Specifically, much of the "weight" of the solution involves traversing the data structure. All of the actual tree modification is isolated in the :concat defmethod. It would be better if traversing the data structure was a separate and generic operation.

Data traversal with clojure.walk

Clojure's core API includes a library, clojure.walk, that is specifically for traversing data structures. The library's functionality is based on a core function named walk, although walk is rarely directly called. Instead, it is far more common to access the functionality via the prewalk and postwalk functions. Both functions walk the tree in depth-first order but they differ in whether a node is visited before or after its children. Both versions take a function to apply at each node that returns a replacement node (or the original node).

For example, Listing 9 shows a postwalk operating on a heterogeneous tree of data. We first walk the tree and pass a function that merely prints the node being visited and returns the node. Then we call postwalk, passing in a function that looks for integers and increments them by one, leaving everything else the same.
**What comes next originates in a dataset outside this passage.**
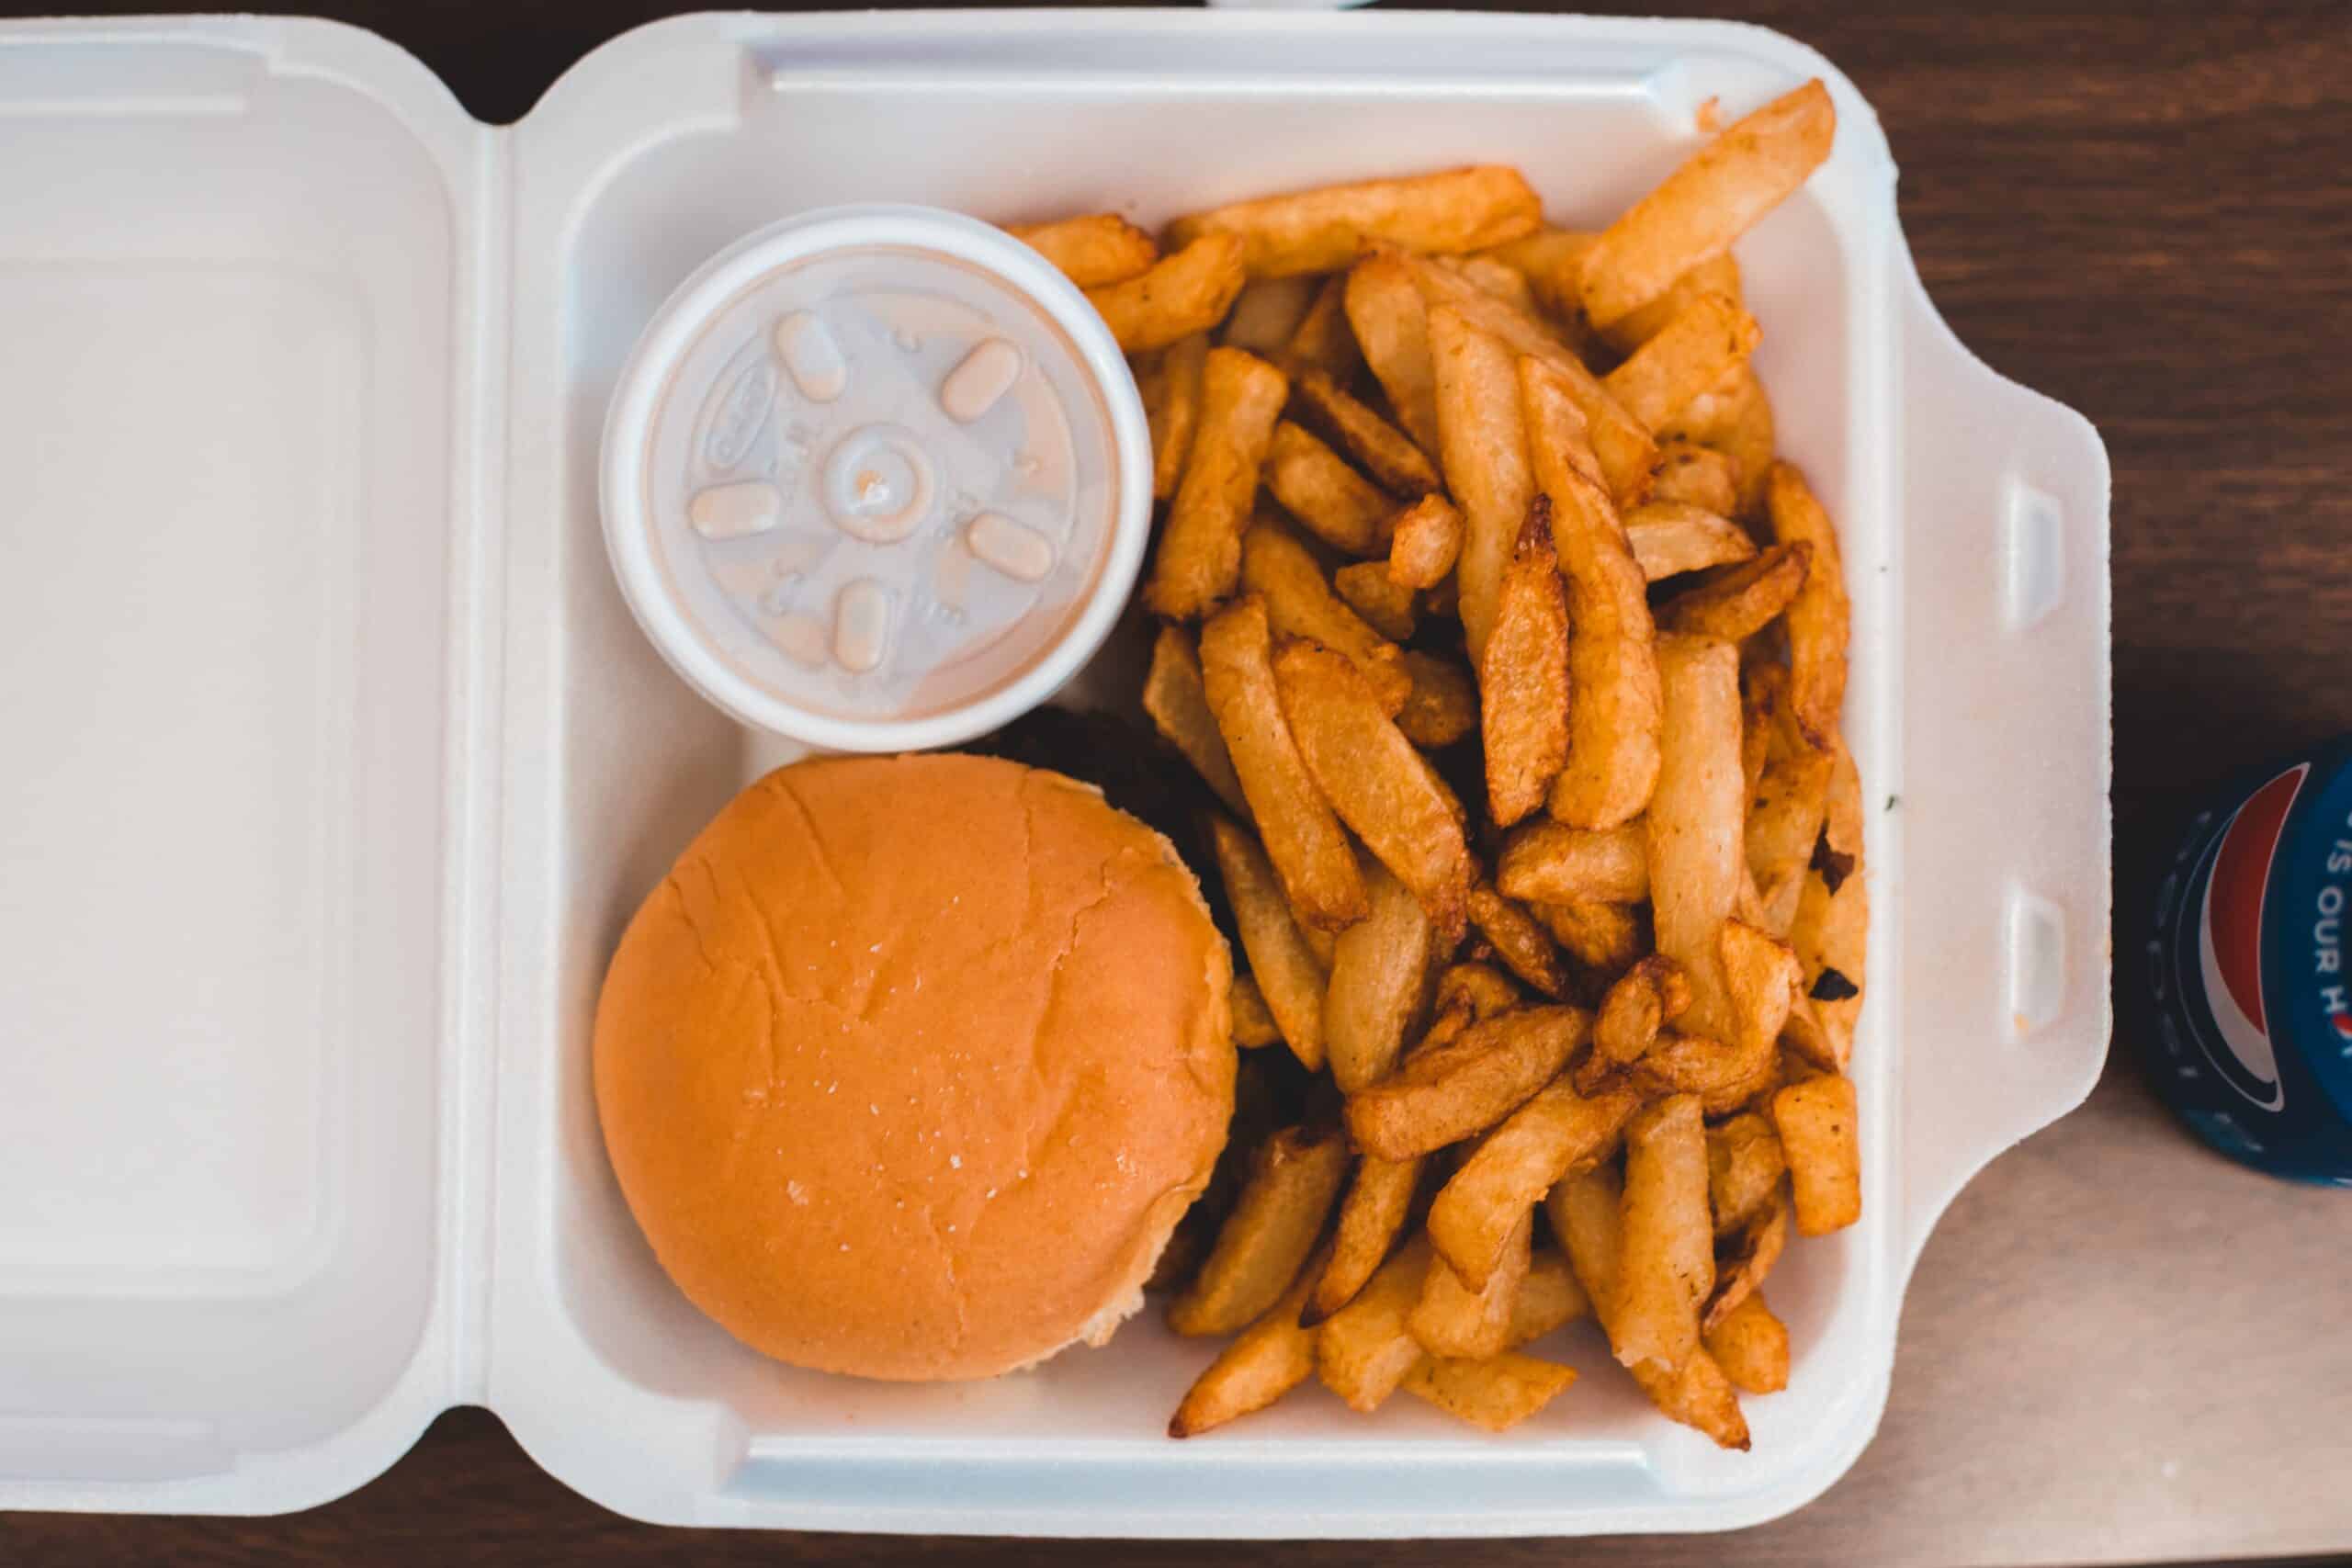 SAVRPak created food packets to prevent soggy delivery French fries - The  Washington Post

Listing 9. The postwalk function at work
user> (def data [[1 :foo] [2 [3 [4 "abc"]] 5]])
#'user/data user> (require ['clojure.walk :as 'walk])
nil user> (walk/postwalk #(do (println "visiting:" %) %) data)
visiting: 1
visiting: :foo
visiting: [1 :foo]
visiting: 2
visiting: 3
visiting: 4
visiting: abc
visiting: [4 abc]
visiting: [3 [4 abc]]
visiting: 5
visiting: [2 [3 [4 abc]] 5]
visiting: [[1 :foo] [2 [3 [4 abc]] 5]]
[[1 :foo] [2 [3 [4 "abc"]] 5]] user> (walk/postwalk #(if (number? %) (inc %) %) data)
[[2 :foo] [3 [4 [5 "abc"]] 6]]

Using postwalk and prewalk is beneficial because they already understand how to walk almost all of the core Clojure data structures — such as vectors, lists, sets, and maps (exceptions include sorted maps and records). When using clojure.walk, we don't need to specify any navigation code; instead we supply only the essential code that finds the node to modify and modifies it.

Let’s apply postwalk to our eval-concat problem from Listing 10. When we find a node of type :concat, we check whether it can be evaluated and return a new value node in place of the original :concat node.

Listing 10. The eval-concat problem with postwalk
(defn eval-concat [node] (if (and (= :concat (node-type node)) (every? string? (:args node))) (string/join (:args node)) node)) (defn walk-example [node] (walk/postwalk eval-concat node))

That’s a much more satisfying implementation. All of the traversal is handled for us inside postwalk and we only need to supply the function to find and modify the tree in place.

Recursion in the Visitor pattern

One issue with both the original Visitor pattern and this implementation with postwalk is that the pattern is recursive (see Figure 9). When evaluating the modification function at a node, all of the parent-node traversals are on the stack. This is obvious in the Visitor implementation where you see all of the recursive calls to the eval-concat function. But even if it's tidily hidden away in postwalk, the structure is the same.

Figure 9. Recursive calls with clojure.walk
Recursive calls with clojure.walk.
Recursive calls with clojure.walk.

Recursion is not necessarily bad — it’s easy to understand and for small trees is unlikely to be an issue. But in the case of larger trees, we might prefer to traverse iteratively, in order to preserve memory. The question is, can we implement the Visitor pattern without recursion?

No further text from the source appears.